WHAT THE EXERCISE ASKS:
Retype the material that follows exactly, limited to the lines from the one with "Okrągły dwustronny dywan" through the one with "Cocos Keeling Islands Australia VK9AA QSL", and keep out all pictures.
[[ SUPPLIED DATA, beginning ]]
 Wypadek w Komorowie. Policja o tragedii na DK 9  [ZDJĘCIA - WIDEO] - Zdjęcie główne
[[ SUPPLIED DATA, end ]]
[[ SUPPLIED DATA, beginning ]]
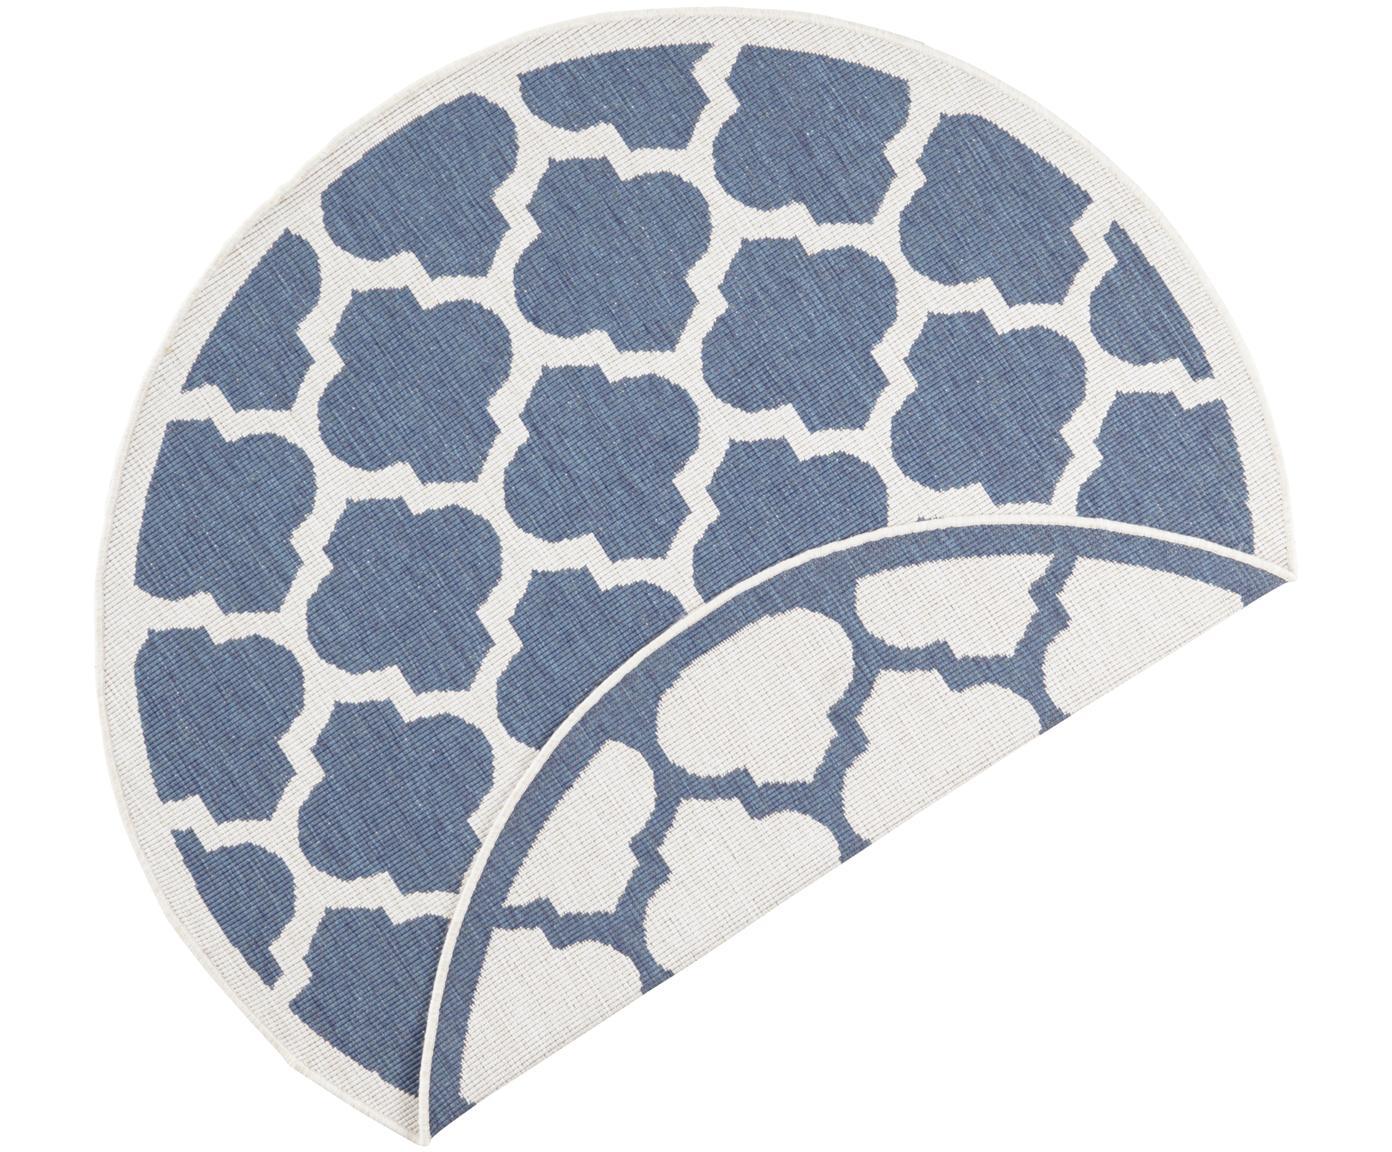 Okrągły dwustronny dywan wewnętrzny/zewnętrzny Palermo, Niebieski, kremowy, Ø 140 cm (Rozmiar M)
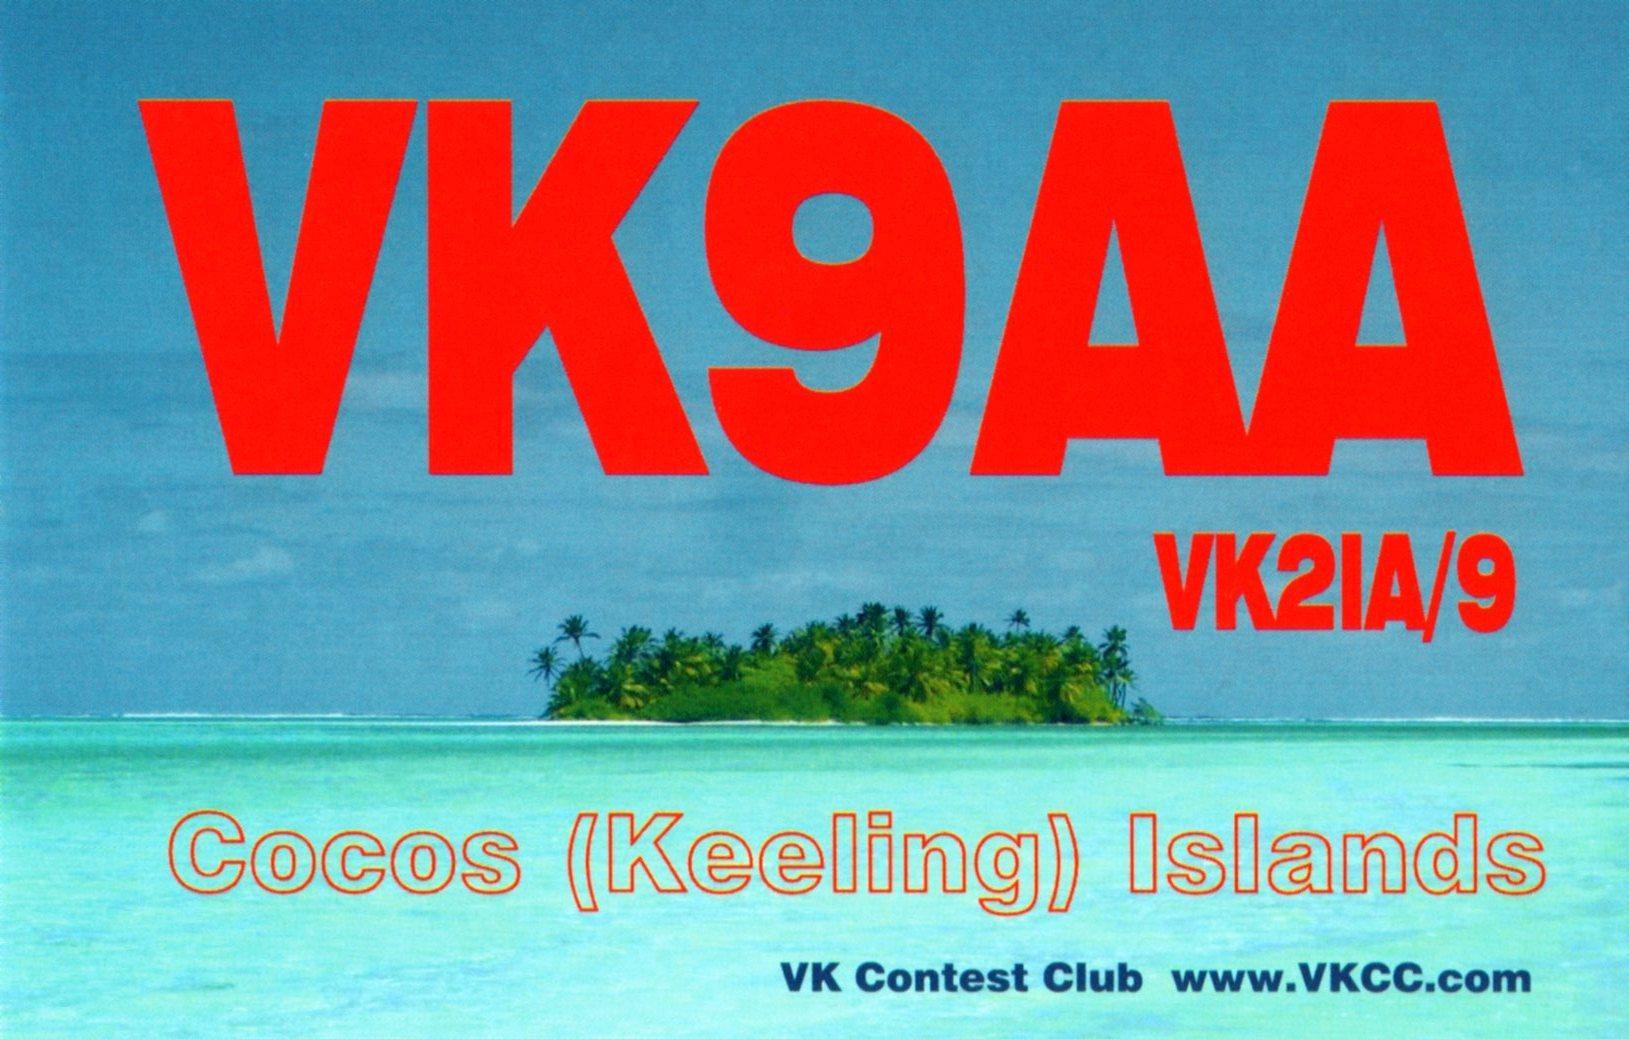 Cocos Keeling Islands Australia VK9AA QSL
[[ SUPPLIED DATA, end ]]
OUTPUT BELOW:
 Okrągły dwustronny dywan wewnętrzny/zewnętrzny Palermo, Niebieski, kremowy, Ø 140 cm (Rozmiar M)
 Cocos Keeling Islands Australia VK9AA QSL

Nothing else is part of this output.